# Damp Rid



## kiteri (Jan 12, 2008)

I have been doing a little research on those moisture absorbing crystals.

There are a couple brand names that came up. Damp Rid, No Damp, and Dri Z Air.

The best reviews I have found are of Damp Rid. 

I have a Home Depot gift card that I intent to purchase some of those bags of Damp Rid closet hangers with, and as soon as the weather breaks (which, if you believe in Punxsutawney Phil... will not be for 6 more weeks!!!) I am gonna give em a shot in a tent, to see if the absorb moisture fast enough to keep a tent comfortable on those hot humid nights!

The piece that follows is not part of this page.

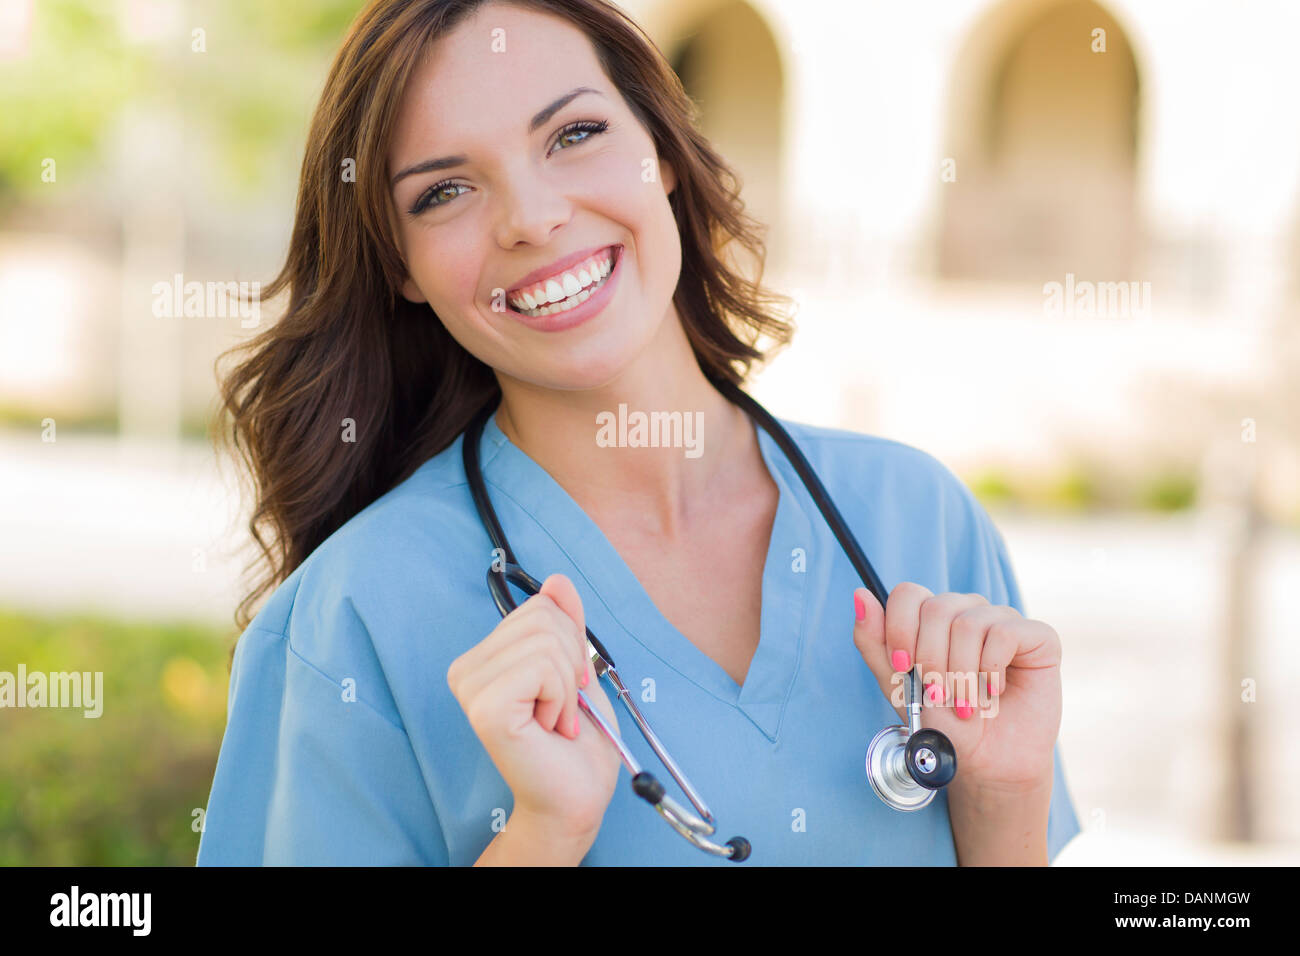 Attraente giovane donna adulta medico o infermiere ritratto all'esterno. Foto Stock

Just something for all of us tent campers to look forward to!


----------



## cricket2 (Nov 16, 2007)

I havent ever used damprid in the tent, but I think it would help at the very least, and may actually work well. They also have the DampRid Sachet Moisture Absorber which may work good too

I always use a ground tarp to help keep moisture out as well.


----------



## cricket2 (Nov 16, 2007)

Did you end up purchasing these? Just wondering how that worked out?


----------



## kiteri (Jan 12, 2008)

I have them purchased, but I have not had nice enough weather to try them out yet in a tent.

I am going to take a shower with one in my bathroom sometime soon to see how quickly it absorbs excess moisture!


----------



## campingforfun (Jan 5, 2008)

I was curious about those myself. I wondered if they work better for certain materials or if it even matters. For instance, a canvas tent seems to get really damp inside and takes alot to air out.

I've said it before but that is one of the things about camping that drives me nuts. The dampness. I hate the sheets and blankets feeling cold and like they were wet.


----------



## Jonesycampgirl (Jul 16, 2018)

Was wondering if the Damp Rid helps with moisture or condisation. I used to keep a container in my pop up during storage. Now was wondering if I should grab one to use when camping in my tent. It will most likely be fairly hot and humid Labor Day weekend, so I guess it wouldn't hurt to try.


----------